All I want to know is, do I need my umbrella today?

You know the drill. It’s a steamy July morning, and you’re headed out for the day. You open up your go-to weather app to find out if you need to lug your umbrella around. The forecast says, “Sunny with a 30 percent chance of thunderstorms.” What does that mean, exactly? If you choose not to bring your umbrella, you have a one in three chance you’ll get drenched darting from your car back to the office after lunch? You may not like those odds. Better bring the umbrella, just in case.

It turns out the business of predicting the weather is not quite as precise as you might like. WRAL-TV Chief Meteorologist Greg Fishel is a self-described “weather geek” who says he could stare at weather models all day if he didn't have to go on camera at 6 o’clock and tell us what the weekend forecast is shaping up to be while we’re cooking dinner. But even with weather models and prediction tools that improve all the time (think hurricane tracking 20 years ago versus the hour-by-hour directional models of today), there are limitations.

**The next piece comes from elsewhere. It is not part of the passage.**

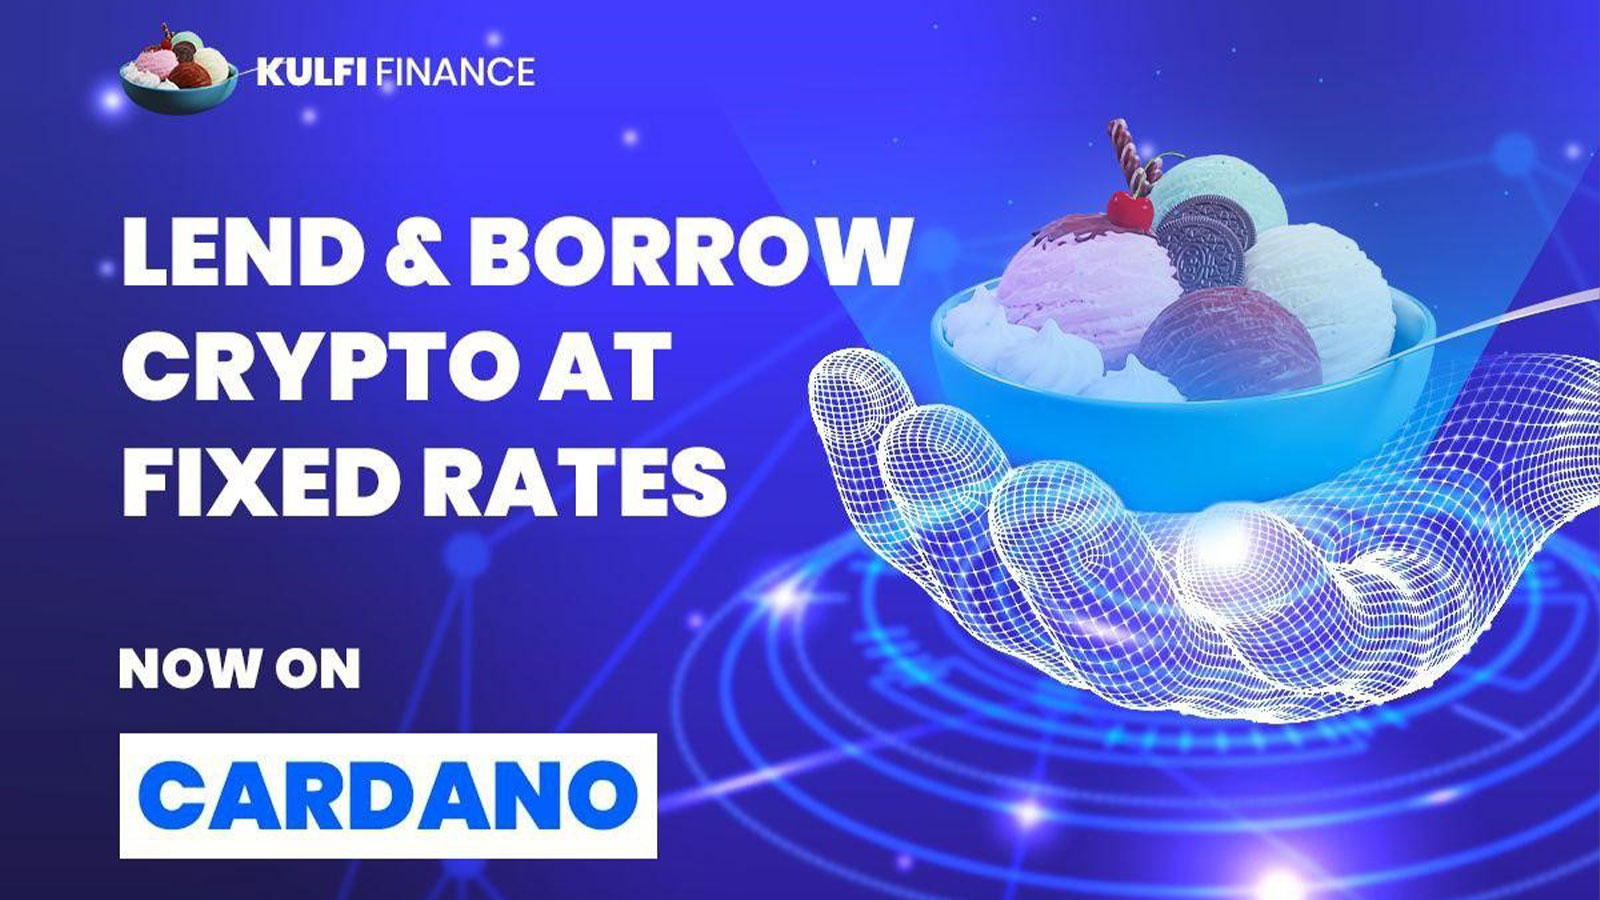 Kulfi Finance Fixed Rate Lending Protocol to Bring Certainty to Cardano DEFI Space

While meteorologists are using calculus combined with historical data to make predictions on the weather, Fishel said the analysis will never be perfect. He pointed to problems such as:

  • An insufficient number of weather stations around the world.
  • Computers that can’t do calculus.
  • Atmospheric processes that are poorly understood (for example, meteorologists can forecast the directional path of hurricanes but have a harder time understanding and predicting hurricane intensity).

In an industry where TV consultants are advising local stations to cut back on the weather segment and keep it simple, Fishel said he and his peers need to be honest with people about what they know and what they don’t know and tell them why. And that’s complicated.

So, until they figure it out, you better bring your umbrella.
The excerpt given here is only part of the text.